Face plays key effect in identification, information transmitting and emotional expression.It is specific face it is effective expression with It rebuilds for creating individual face figure image, 3D printing and FA Facial Animation are extremely important, in film, computer game, enhancing It is had a wide range of applications in real (AR) and virtual reality (VR).However, due to by factors such as age, sex, races Influence, face shape change very greatly, and expression deformation it is significant.Accordingly, it is difficult to effectively indicate and rebuild and is this non-linear Deformation.

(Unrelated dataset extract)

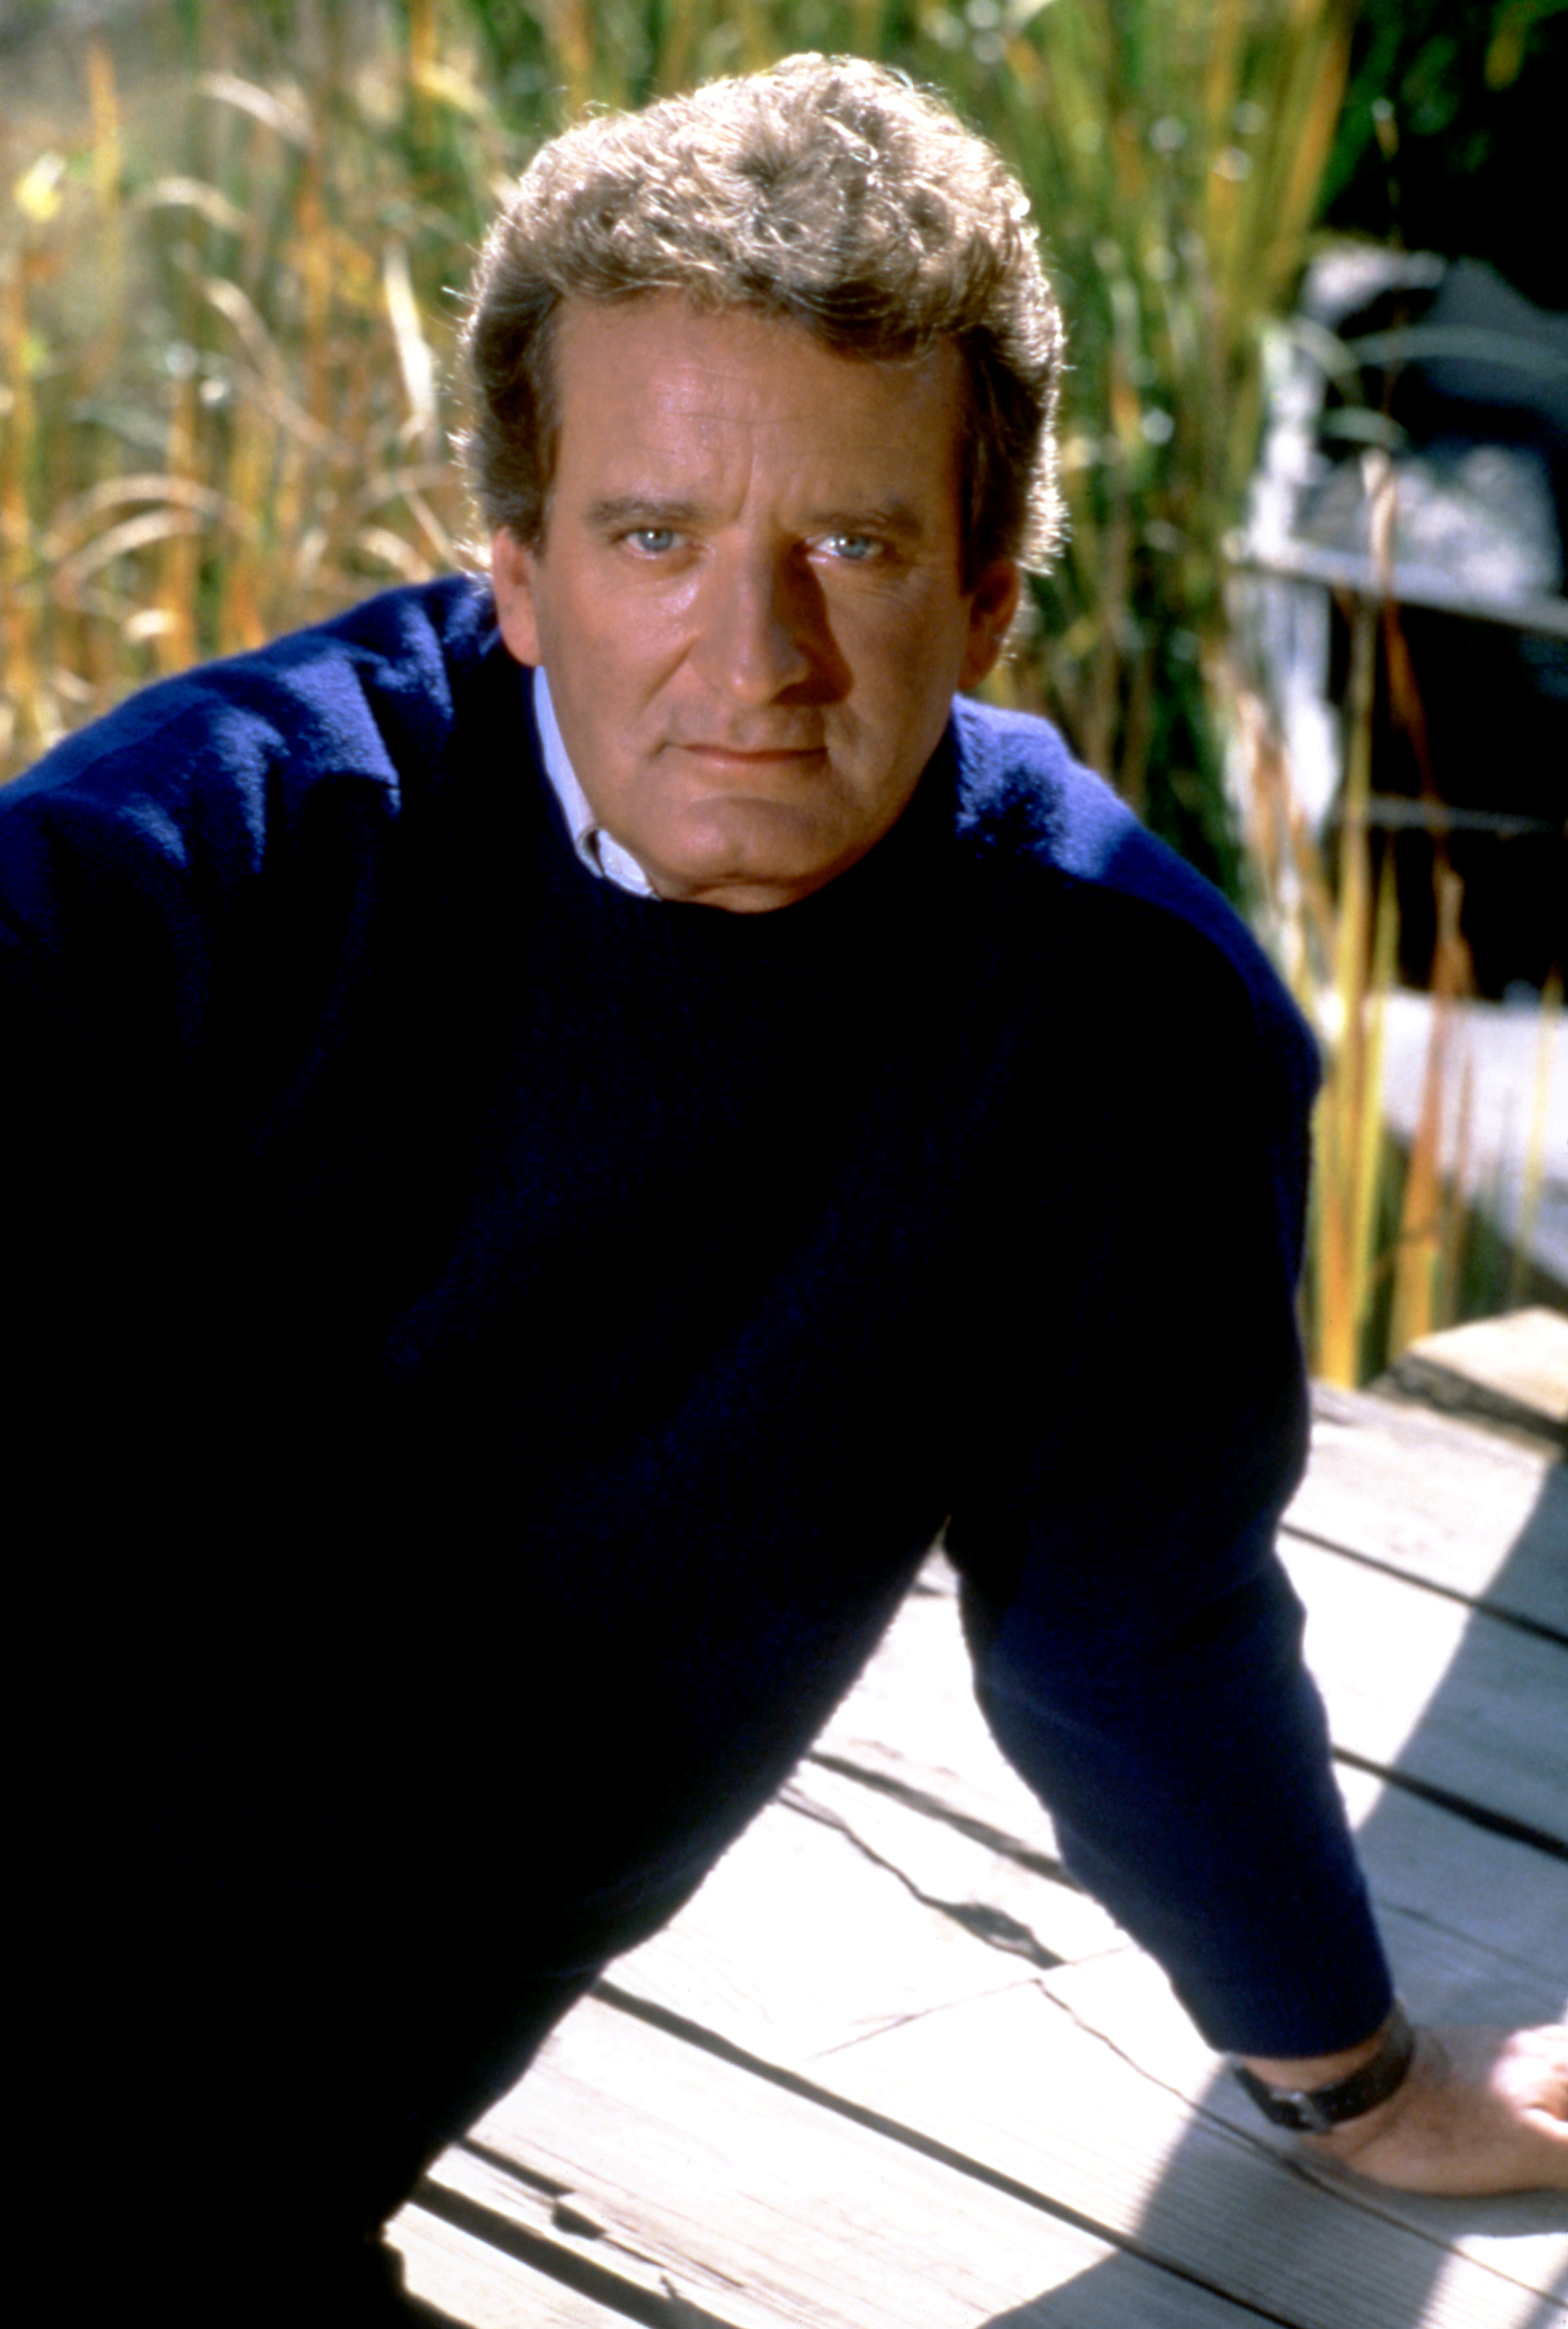 Nicolas Coster of the American television soap opera "Santa Barbara", poses for a portrait in Los Angeles, California, circa 1986. | Source: Getty Images

Conventional method rebuilds 3D face using the method based on fusion using laser scanner or depth camera (R.A.Newcombe et al.,“KinectFusion:Real-time dense surface mapping and Tracking, " in Proc.IEEE International Symposium on Mixed and Augmented Reality, 2011, pp.127-136.), but they cannot achieve animation, editor and generation.In order to solve this problem, many Work proposes parametrization faceform (Volker Blanz and Thomas Vetter, " A morphable model For the synthesis of 3D faces, " in CGIT, 1999, pp.187-194.) and mixing shape (John P Lewis, Ken Anjyo, Taehyun Rhee, Mengjie Zhang, Frederic H Pighin, and Zhigang Deng,“Practice and theory of blendshape facial models,”in Eurographics(State Of the Art Reports), 2014.) indicate face shape and expression, and there is several methods that using these models from sweeping Face shape (Pei-Lun Hsieh, Chongyang Ma, Jihun Yu, and have successfully been rebuild in the deep grid retouched Hao Li, " Unconstrained realtime facial performance capture, " in CVPR, 2015, pp.1675–1683.).However, being generally in the shape of using the reconstruction of linear expression smooth without details abundant.To sum up, It is important for efficiently and accurately indicate and rebuild to 3D face, will be the directions such as face recognition, authentication Technical support is provided.

Summary of the invention

Be it is with overcoming the prior art insufficient, realize and effective high dimensional feature expression carried out to 3D human face data, and have The ability effectively rebuild from high dimensional feature, the technical solution adopted by the present invention is that, it is based on multiple dimensioned figure convolutional neural networks 3D face representation and method for reconstructing, construct variation based on depth convolution and generate network, utilize variation encoder neural network The higher-dimension for learning 3D face is indicated and is rebuild；Further types of 3D face number is generated using the generative capacity of variation encoder According to；Then high dimensional feature is parsed into facial triagnle network model Mesh using variation decoder, realizes 3D face reconstruction.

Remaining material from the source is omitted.